A review of things you need to know before you go home Tuesday; interest rates slip, consumer spending strong, inflation all in housing, Brilliant Finance woes, chicken prices jump, swap rates fall, NZD stable

Here are the key things you need to know before you leave work today.

MORTGAGE RATE CHANGES
NZ Home Loans cut their one, two and three years fixed rates. As NZHL is owned by Kiwibank, this may be a signal that Kiwibank is about to make a similar move down.

DEPOSIT RATE CHANGES
The Co-operative Bank has reduced rates on their 6, 9 and 12 month TDs, by -5, -10 and -5 bps respectively.

CONSUMER SPENDING STRONG
Retail spending using electronic cards rose in March 2017 to $7 bln, the first time a month other than a December has exceeded this level. The March data was an impressive +6.2% higher than the same month a year ago. Spending on 'hospitality' was up +9.9%, for fuel was up +9.5%, for vehicles up +10.9% and for 'services' up +13.1% from the same month in 2016. Spending weakness showed up in durables and apparel. The hospitality sector is now a $1 bln/month powerhouse, with that level being breached in three of the past four months.

A GAME OF TWO HALVES
ANZ's alternative inflation gauge indicates price rises of +2.3% pa. But that average masks the fact that it is the housing and household utilities group that provides the main impetus for the rises. Purchases of housing rose +1.3% and rents were up a further +0.5% in March from February. The squeeze on building sector labour and housing supply will likely see this group continue to feature strongly in 2017. But elsewhere? not much.

NOT SO BRILLIANT
We have an exclusive report about Mortgage Express who have severed ties with several Chinese brokers at a firm known as Brilliant Finance.
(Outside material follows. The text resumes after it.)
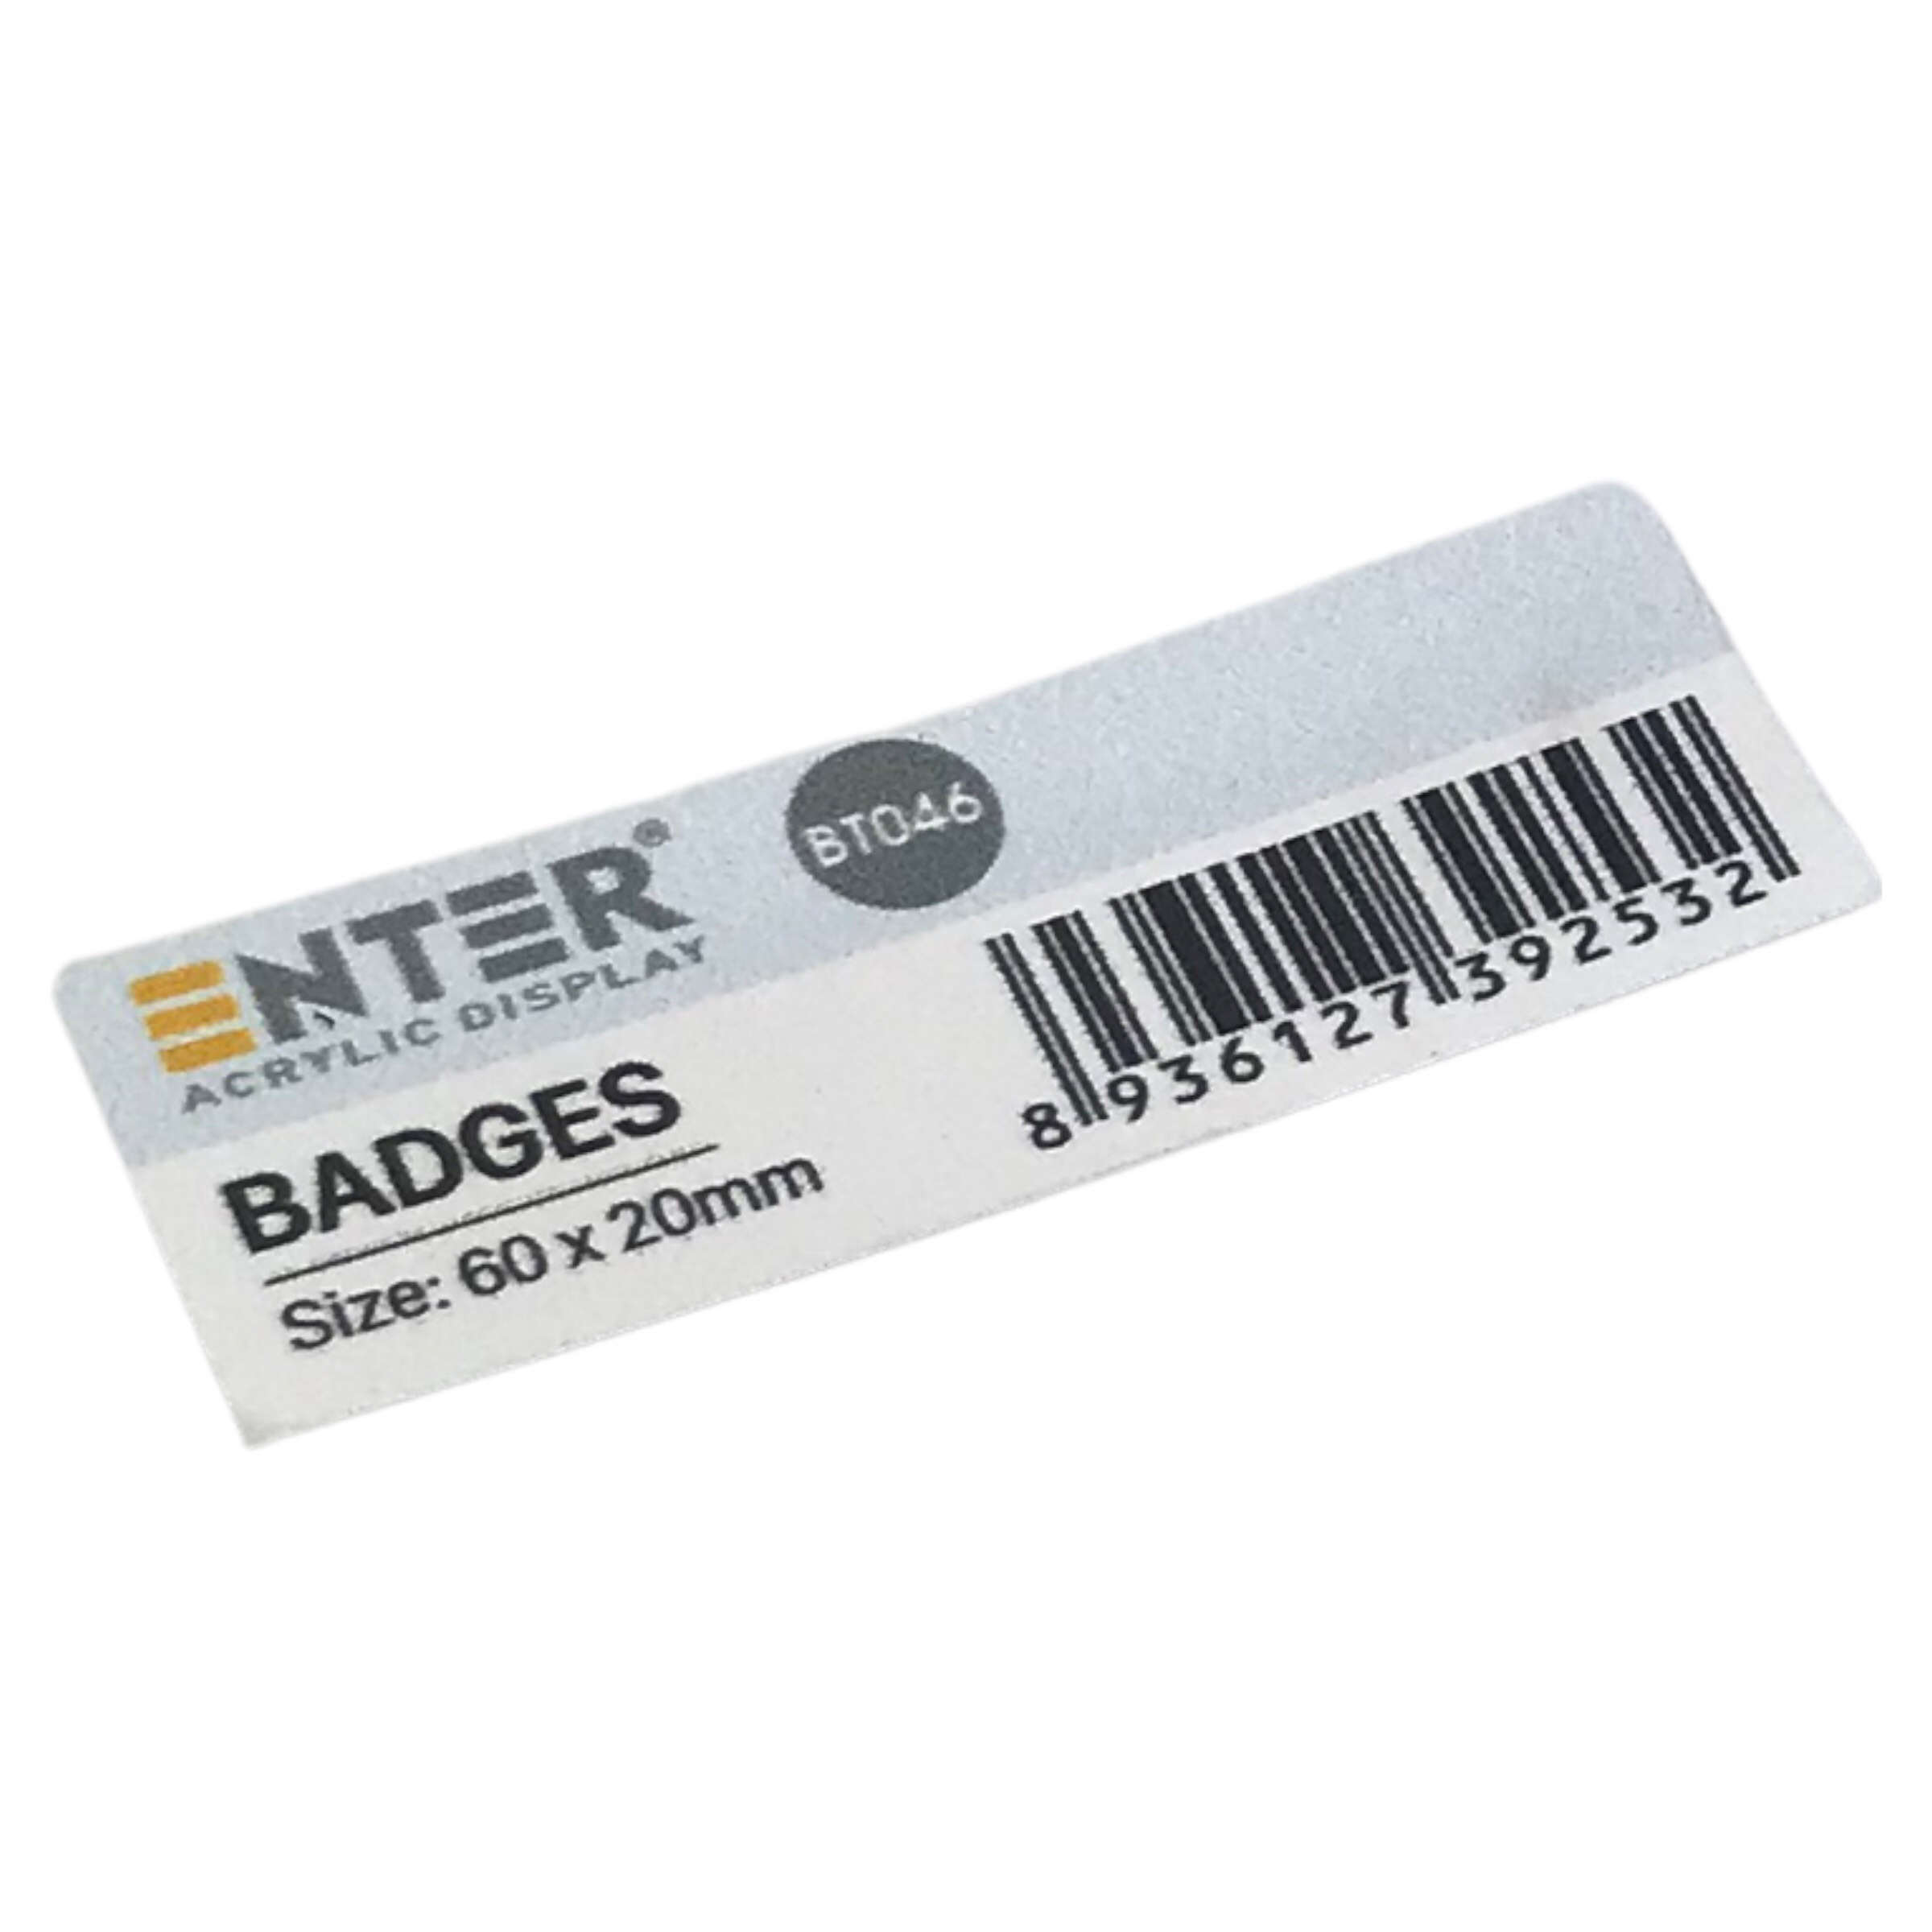 Phôi thẻ tên inox Enter BT046 60x20mm trắng xước K004A (10,50) - Bịch (10)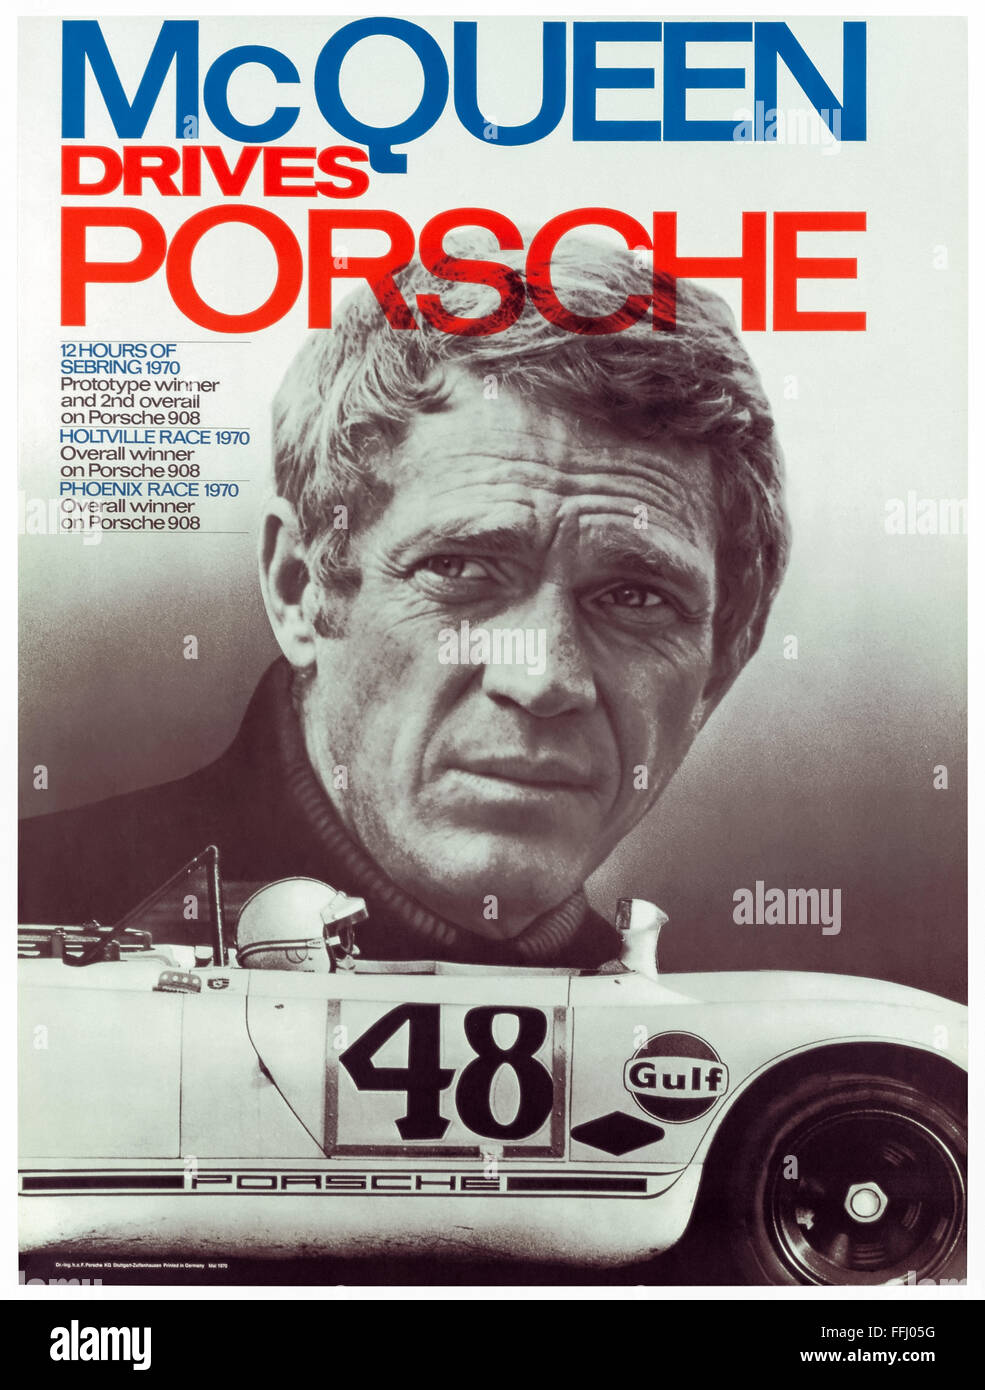 "McQueen fährt Porsche" Filmplakat für "Le Mans" unter der Regie von Lee H. Katzin und 1971 veröffentlicht. Siehe Beschreibung für mehr Informationen. Stockfoto

There has been a very big reduction in Chinese speaking brokers at Mortgage Express, and the Financial Markets Authority has been called in over conduct and compliance concerns.

CHICKEN NUGGET
Chicken prices have taken a leap to the highest levels we have ever seen, at least in US dollars, according to the IMF monitoring we cover. Lamb is at 58.2 USc/kg, whereas chicken is now at 56.2 USc/kg. (Those  same numbers in NZD are 83.0c/kg and 80.2c/kg.)

THE WORM TURNS
It used to be that being charged for insider trading was rare in New Zealand. But the FMA is changing that, and another case has been settled today with a guilty plea. An individual with interim name suppression today pleaded guilty at the Auckland District Court to one charge of insider trading under section 243 Financial Markets Conduct Act - namely, being an information insider advising or encouraging another person to trade. The FMA alleges that an Eroad employee sent text messages to a former Eroad employee that contained confidential material information relating to Eroad’s performance in the period to 30 September 2015. That individual then traded 15,000 Eroad shares.

BEST SINCE GFC
Trading conditions for Australian businesses last month were at their highest level since the global financial crisis, although confidence remained relatively lackluster during the period.

A TYPICAL AUSSIE
The Aussie census has allowed their statistics authority to reveal the 'typical' Aussie charactteristics. In 2016, the ‘typical’ Australian home is owned with a mortgage, but this differs across the country. For example, the ‘typical’ home in Tasmania and New South Wales is owned outright, while the ‘typical’ Northern Territory home is rented. (In 2006, the ‘typical’ Australian home was owned outright.) Although the ‘typical’ Australian has both parents born in Australia, the ‘typical’ Australian in New South Wales, Victoria, and Western Australia has at least one parent who was born overseas. In 2016, the ‘typical’ migrant in Australia was born in England and is 44 years old which is actually two years younger than ten years ago. There are however some differences between the states – the ‘typical’ migrant in Queensland was born in New Zealand, while in Victoria the ‘typical’ migrant was born in India. The ‘typical’ migrant in New South Wales was born in China.

TOUGH COMPETITION
Analysis by the Parliamentary Library for the Labour Party shows that the $7.7 mln spent by putting homeless families in motels in the last quarter of 2016 was enough to pay for an average of 400 motel rooms per night, based on the government’s cost estimate. The total cost of $7,700,000 spent on emergency housing grants in the December 2016 quarter is equivalent to spending $83,695.65 per night on average. This demand is competing with tourists who are also finding accommodation in short supply.

WHOLESALE RATES DOWN
Swap rates have lost most of yesterday's gains. They are down -2 bps for two year, up -3 bps for five years, and up -4 bps for ten years. The 90 day bank bill has slipped another -1 bp and is now at 1.96%

NZ DOLLAR HOLDS
The NZD is almost at the exact same level it was at this time yesterday, at 69.5 USc. Against the AUD, the NZD has held on at 92.6 AUc. Against the EUR we are still trading at around the 65.6 euro cents level. The TWI-5 is 74.9.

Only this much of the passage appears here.